A Connect cluster, which lets you create and manage the MirrorMaker 2.0 Source connector.

A Connect cluster has a primary Kafka cluster, which is the Kafka cluster associated with the Connect cluster. To minimize latency for write operations, it's recommended to designate the target cluster as the primary cluster, and to put the Connect cluster in the same region as the target cluster.

The following diagram shows these components:

Architecture of the Kafka data replication scenario

Data replication is performed by the MirrorMaker 2.0 Source connector. Two other MirrorMaker 2.0 connectors are optional for this scenario:

MirrorMaker 2.0 Checkpoint connector: Enables seamless failover, by ensuring that consumers on the target cluster can resume processing from the same point as the source cluster.
MirrorMaker 2.0 Heartbeat connector: Generates periodic heartbeat messages on the source Kafka cluster, which lets you monitor the health and status of the data replication.

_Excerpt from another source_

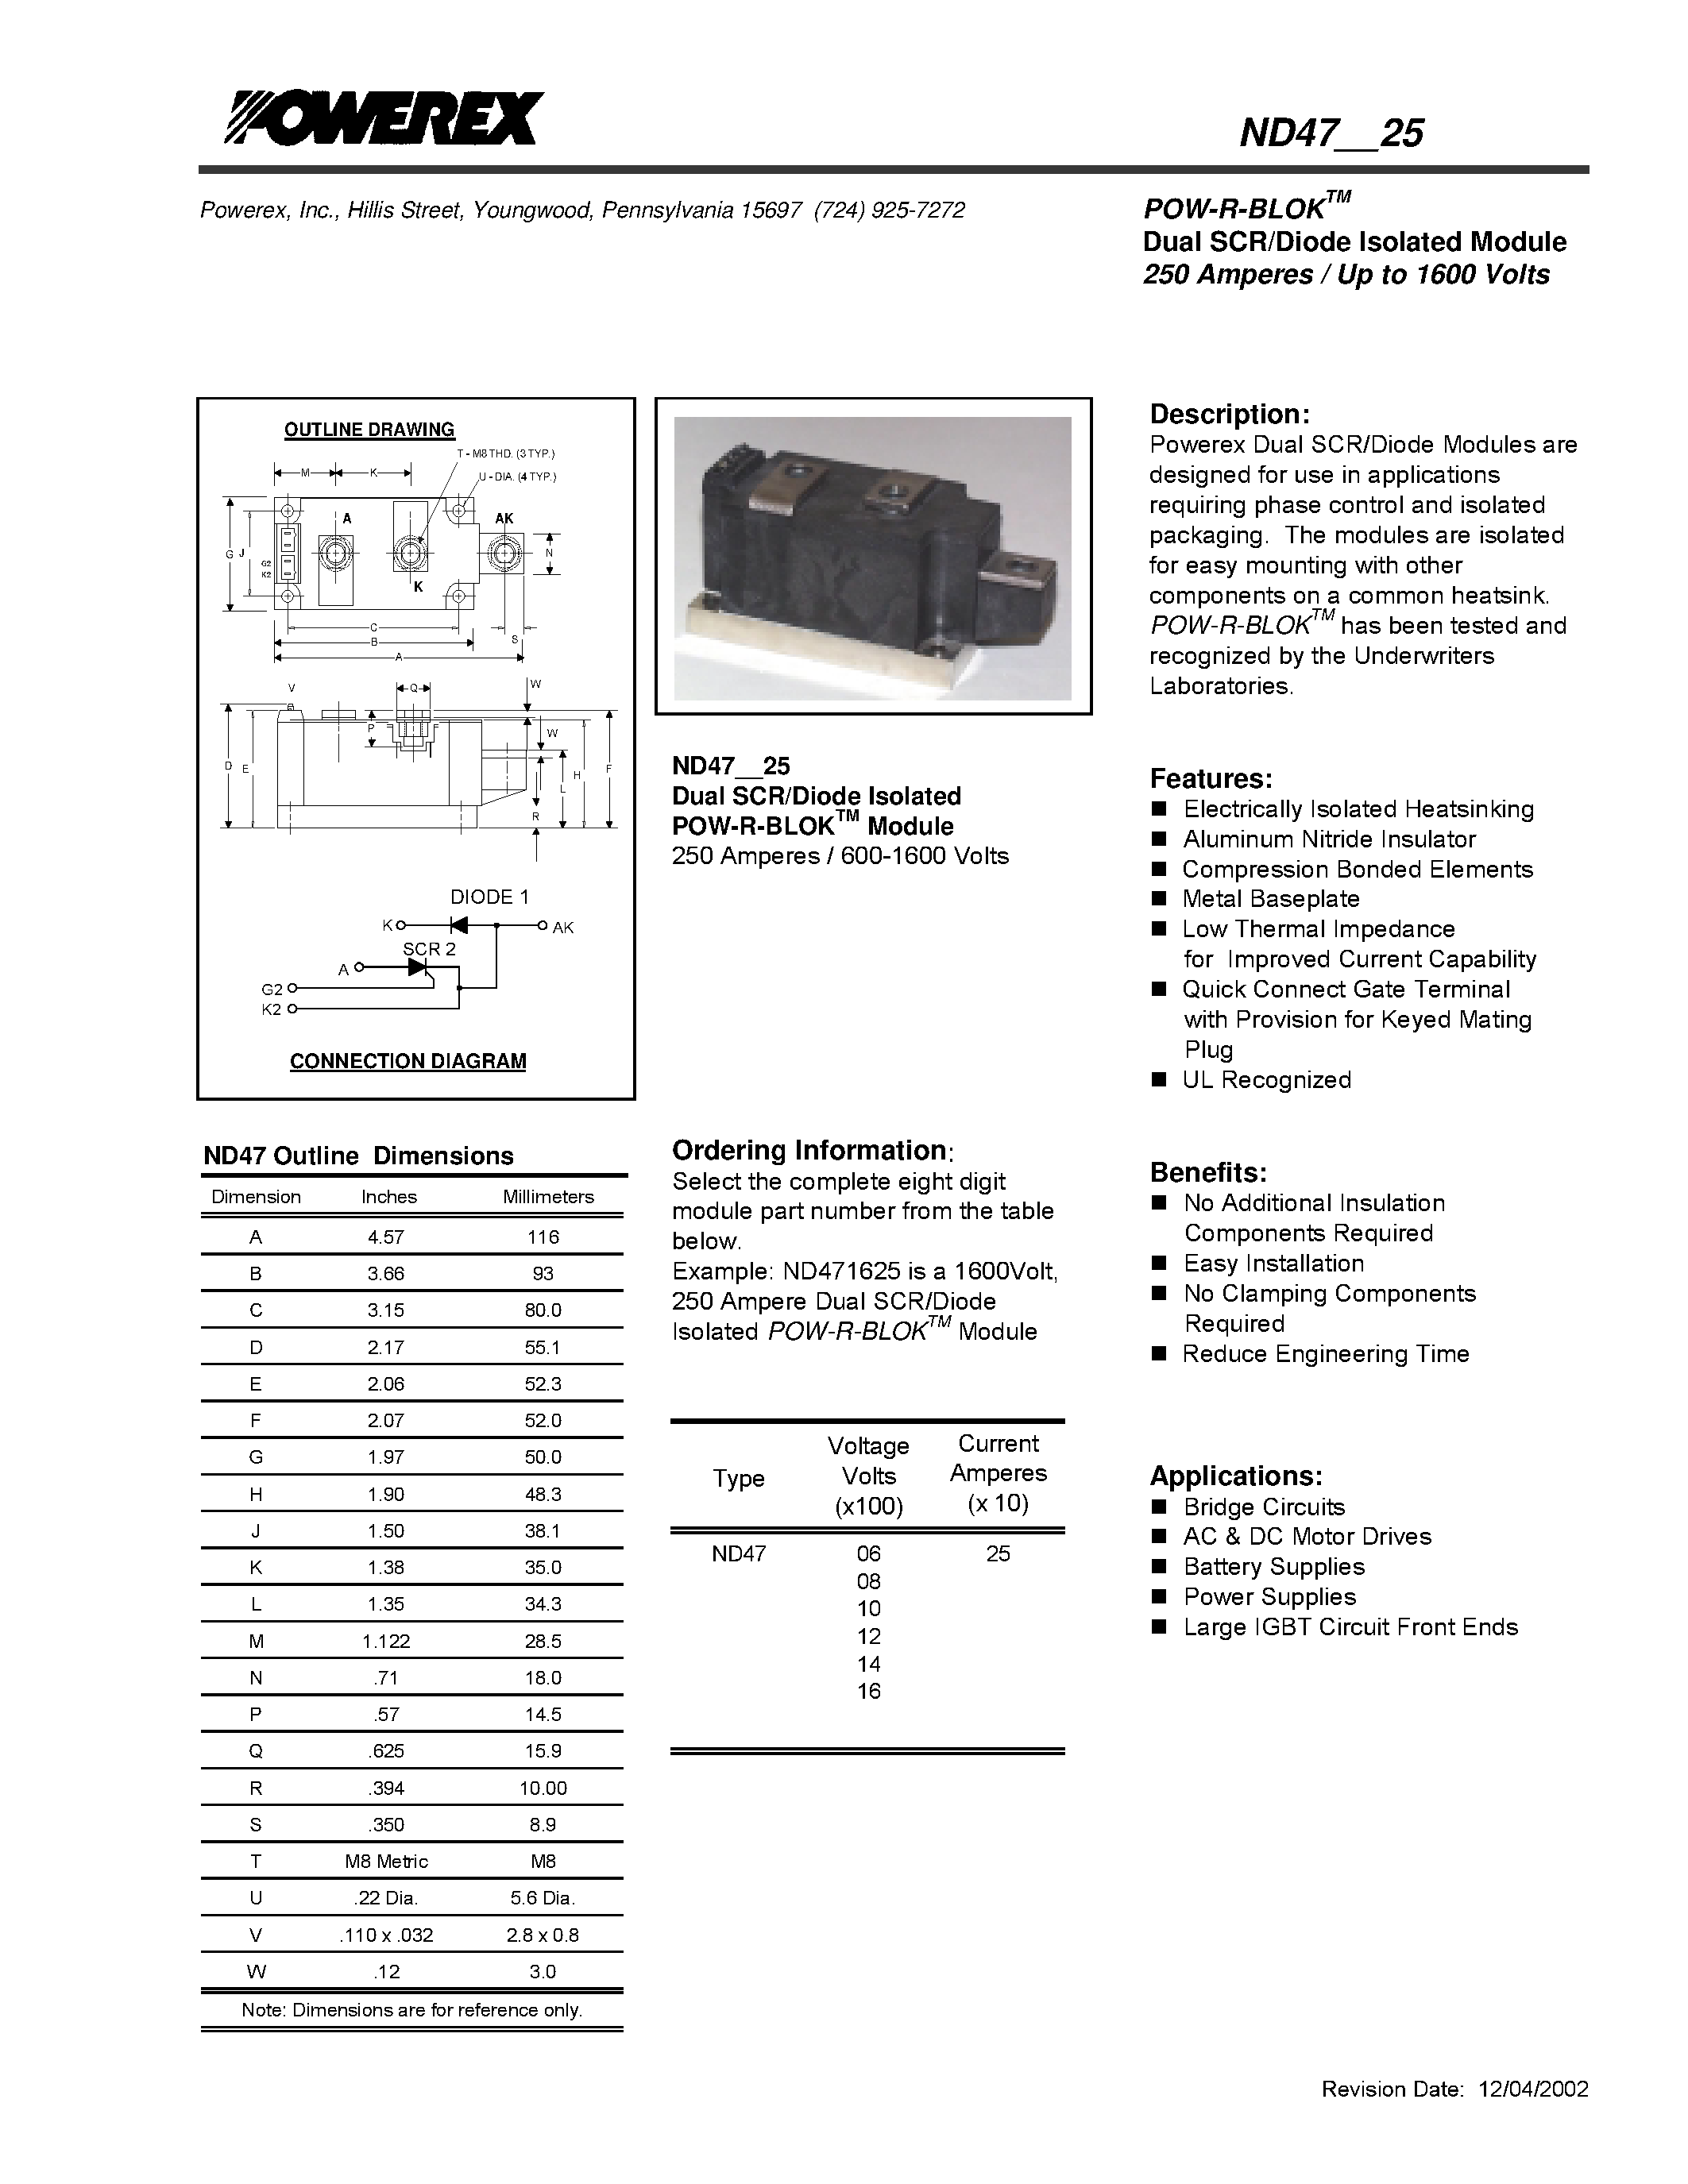 Datasheet ND471425 - POW-R-BLOK Dual SCR/Diode Isolated Module (250 Amperes / Up to 1600 Volts) page 1

This tutorial does not use these optional connectors. For more information, see When to use MirrorMaker 2.0.

Before you begin

Console

Sign in to your Google Cloud account. If you're new to Google Cloud, create an account to evaluate how our products perform in real-world scenarios. New customers also get $300 in free credits to run, test, and deploy workloads.

In the Google Cloud console, on the project selector page, select or create a Google Cloud project.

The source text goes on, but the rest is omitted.